Michael Maranta

Personal information
- Full name: Michael Gerard Maranta
- Born: 20 March 1961 (age 65) Brisbane, Queensland, Australia
- Batting: Right-handed
- Bowling: Left-arm medium

Domestic team information
- 1982/83–1986/87: Queensland
- 1980–1981: Suffolk

Career statistics
| Competition | First-class | List A |
| Matches | 3 | 5 |
| Runs scored | 15 | 12 |
| Batting average | 7.50 | 6.00 |
| 100s/50s | –/– | –/– |
| Top score | 11 | 12 |
| Balls bowled | 258 | 246 |
| Wickets | – | 4 |
| Bowling average | – | 41.25 |
| 5 wickets in innings | – | – |
| 10 wickets in match | – | – |
| Best bowling | – | 2/40 |
| Catches/stumpings | 2/– | 2/– |
- Source: Cricinfo, 26 July 2011

= Michael Maranta =

Australian cricketer

Michael Gerard Maranta (born 20 March 1961) is a former Australian cricketer. Maranta was a right-handed batsman who bowled left-arm medium pace. He was born in Brisbane, Queensland.

Maranta made his debut in English county cricket for Suffolk in the 1980 Minor Counties Championship against Hertfordshire. He played Minor counties cricket for Suffolk in 1980 and 1981, making 15 Minor Counties Championship appearances. He made his List A debut for Suffolk against Derbyshire in the 1981 NatWest Trophy. In this match, he scored 12 runs before being dismissed by Barry Wood. While in England he also played Second XI cricket for Essex.

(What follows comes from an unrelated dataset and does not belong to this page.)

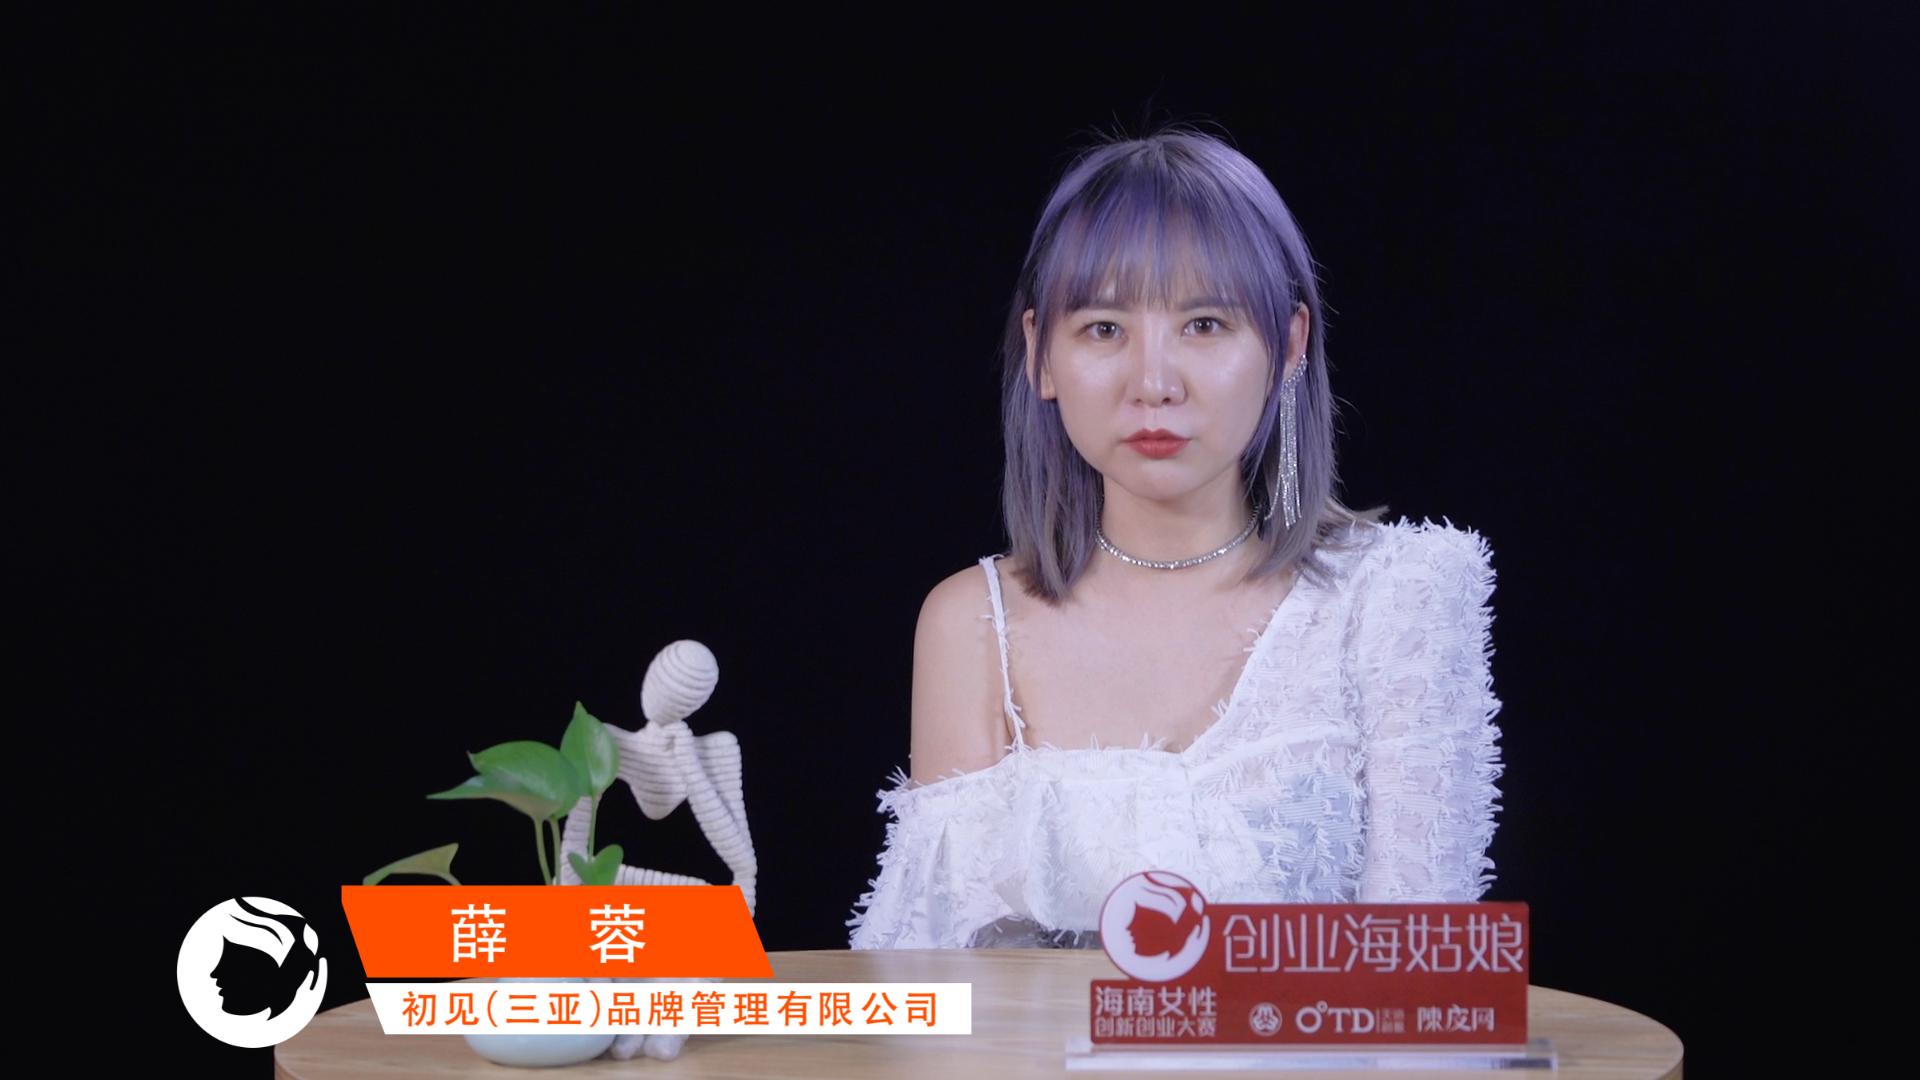 创业海姑娘|初见品牌管理薛蓉,不负岁月,遇见花开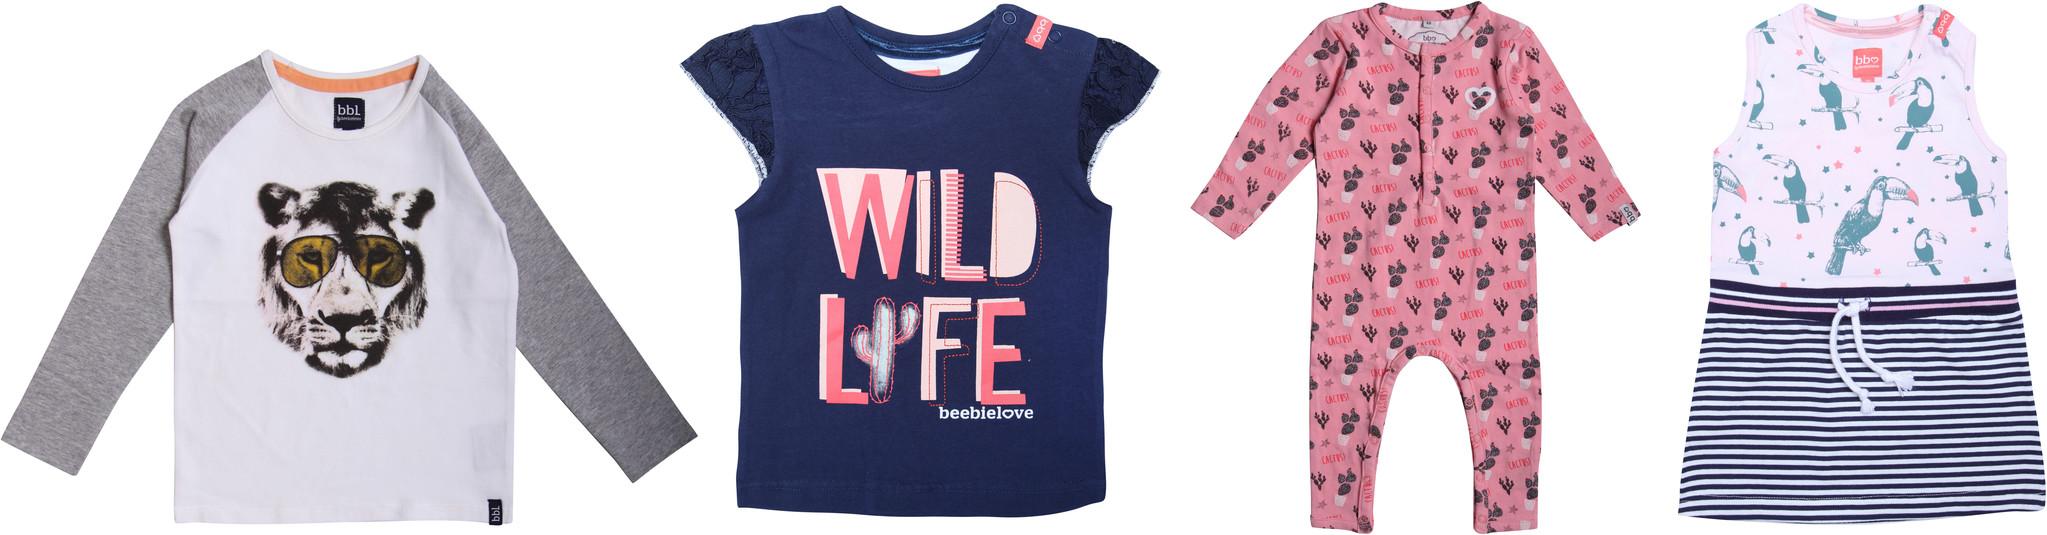 Beebielove wild life

Returning to Australia, he made his first-class debut for Queensland against New South Wales in the 1982–83 Sheffield Shield. He made 2 further first-class appearances for Queensland, against Western Australia in the 1985–86 Sheffield Shield and Victoria in the 1985–86 Sheffield Shield. His 3 first-class matches were without success though, with Maranta scoring 15 runs at an average of 7.50, with a high score of 11, while with the ball he bowled 43 wicket-less overs. He made his first List A appearance for Queensland in the 1982–83 McDonald's Cup against Victoria. He made 3 further List A appearances for Queensland, the last of which came against Tasmania in the 1986–87 McDonald's Cup. In 4 List A appearances for Queensland, Maranta failed to score any runs and took just 2 wickets at a bowling average of 62.50, with best figures of 2/53.